Our friend Rob sent Erin a text a few days after and said that our actions have lasting results, it might be years down the road and we may never even know about it, but everything we do has a lingering effect, it was maybe the most comforting thing that we heard. And he's right we may never know the results, but we may have been the only people in her life telling her we were proud of her,that she was a good mother and that she can be successful. Maybe those simple encouragements will give her the confidence she needs to get on a successful path through life. Maybe we were put in her life to help her through her darkest times. We will never know, but if it is the case hopefully we will be rewarded for the struggles that we had to go through as a result.

Its been a rough couple of weeks, for me it sunk in right away, for Erin it took a week to really hit her. We decided that we just needed to get away and not be home for Christmas, mostly just because it was not going to be the Christmas it was supposed to be. Our families supported us, even though we know they didn't like it. We just got home from a nice 4 days in Canada. It was good to be with each other and having some fun without our phones even being on. No matter what happens we still have each other and we still live a great life. One day, hopefully soon, we will be able to share that life with our child.

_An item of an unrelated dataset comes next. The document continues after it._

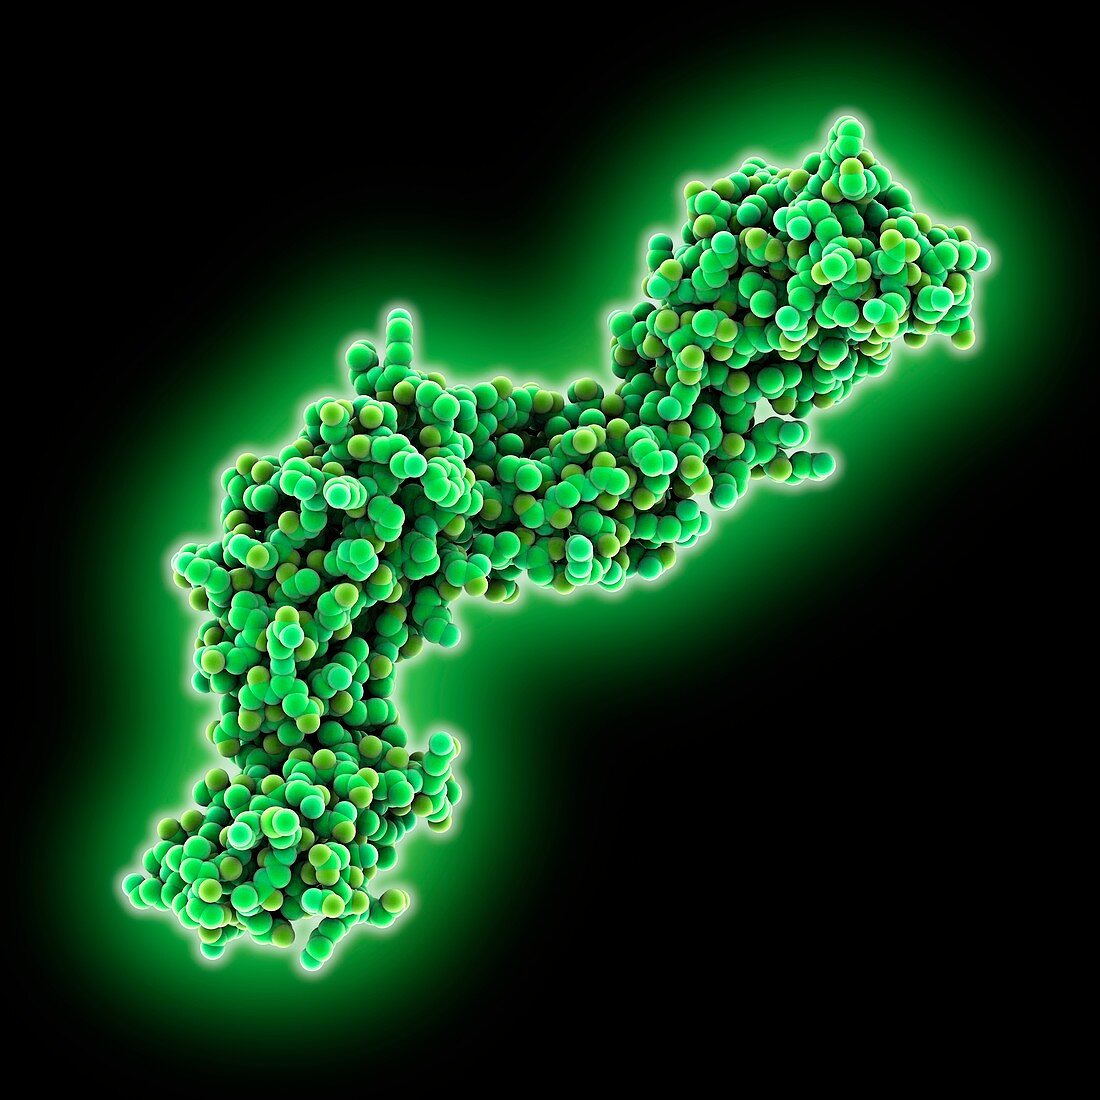 CD4 protein molecule

That's it for now, hopefully more updates soon.

Hopefully only happy ones. I'm tired or writing sad stories. Thanks to everyone who has supported us all along the way and especially in the past couple weeks. 2013 can take a hike, on to better things in 2014!

Love wins,
Adam & Erin

Wednesday, December 11, 2013

The wrong call

This will be short.

The baby was born last night, we knew our birth mother went to the hospital. But the updates ran dry. This morning we found out she was born in the night, but then we also found out she was going to parent the baby.

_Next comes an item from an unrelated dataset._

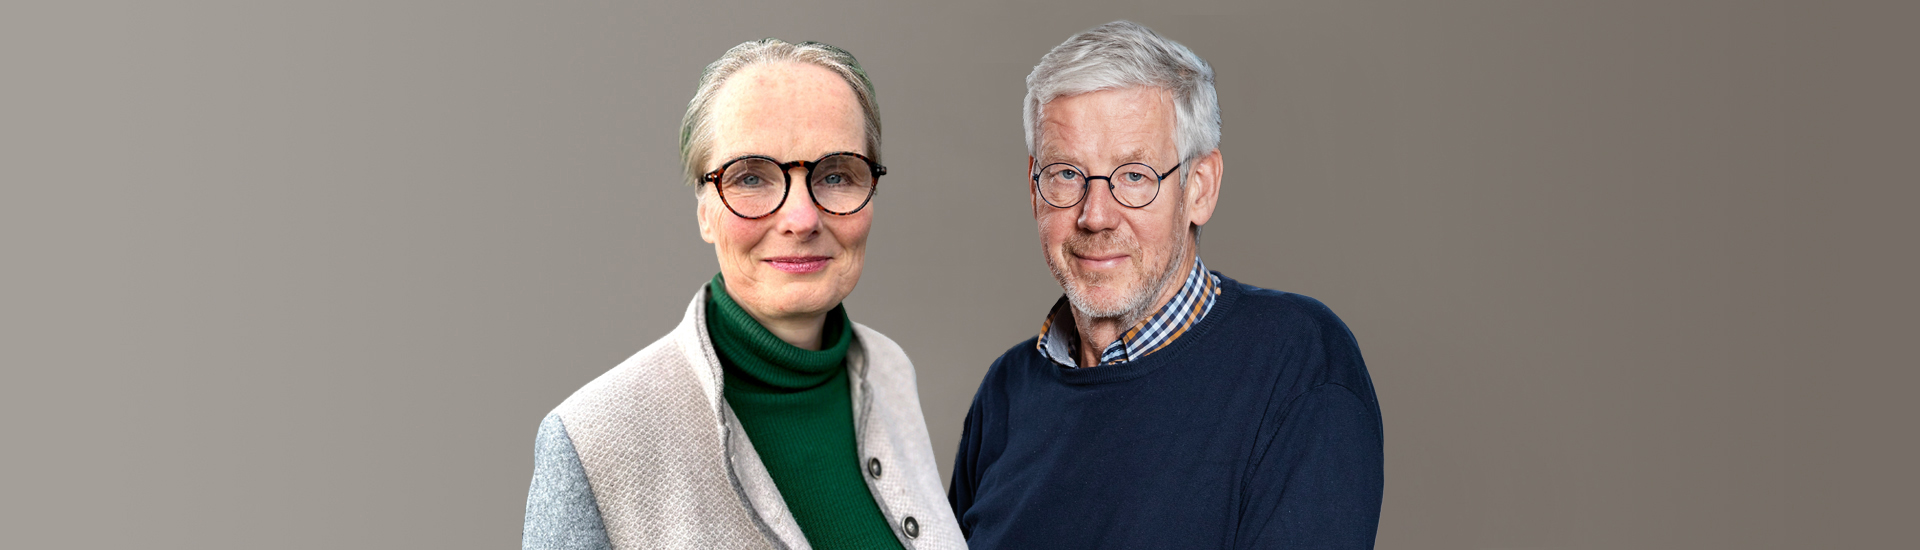 Alzheimer en leefstijl - Martine Geurts en Ben van Ommen

I don't really have anything else to say right now, there really isn't anything else to say honestly. That is that and we will get past it and move on. We're still committed to this plan, but we honestly didn't see this coming.

That's all for now.

Adam & Erin

Tuesday, December 3, 2013

A few more clicks on the roller coaster.


Well its been a little bit since the last update, maybe too long, but we’re busy so what are you gonna do? We are currently in our last “safe” week at the Buttacavoli casa. As I type we are sitting at 37 weeks 0 Days. Which means that no one should be surprised if she shows up next week or very soon after. That is terrifying.

So, last we talked we had just matched and were signing our paperwork. Also going on in the background at this time was a surprise baby shower for Erin, I suppose us, but mainly her since I was in the loop on this. It was just a very happy coincidence that we happened to match about a week before the shower, even though it had been months in planning.

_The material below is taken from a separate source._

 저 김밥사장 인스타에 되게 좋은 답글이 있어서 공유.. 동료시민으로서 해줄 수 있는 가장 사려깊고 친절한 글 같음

In fact, the matching almost threw a wrench into the plan. You see with matching comes payment. A very large payment. The plan was to meet up with our friends Emily, Joel, Rick and Debbie in Wooster to have dinner and have a couple glasses of wine at the wine bar before hand. With mailing this monster of a check, left us all but broke as a joke, Erin wanted to cancel the date since we didn’t have money. I managed to talk her out of it.

Somehow, mostly with Erin being some kind of money hoarding genius, we managed to come up with every last penny we should need for the rest of the process. As we started to combine the accounts and add money from here and there I said there was no way we had it all. We did, literally by $25. Frankly its really nothing short of a miracle, its going to make things tight around here for a while until we replenish the supplies but we did not have to take any loans out. We also applied for a grant, that we should find out about next week. We don’t have any real hopes for it, but it would be amazing if we received it for sure.

The day of the shower comes and we’re supposed to arrive at 7, but I’ve been told to push it and arrive 15-20 minutes late to ensure everyone makes it and it hidden away before our arrival. I can be slow if I need to, very slow. Its about time to leave and I decide I need to iron my shirt, I worried that this would throw up a red flag since this is an uncommon event. We finally get on the road and gas happened to be extra cheap that day, somewhere around $2.89ish, so what happened next? We stop to fill up.

Mission accomplished, I have made us 25 minutes late and have annoyed Erin with my antics at the same time. Good thing it won’t last long.

Once we arrive our friends are waiting for us with an open bottle and a couple glasses. We talk for a second and Debbie tells Erin she needs to see how they remodeled the party room. They open the door and Erin is blown away by 25-30 of our closest friends and family.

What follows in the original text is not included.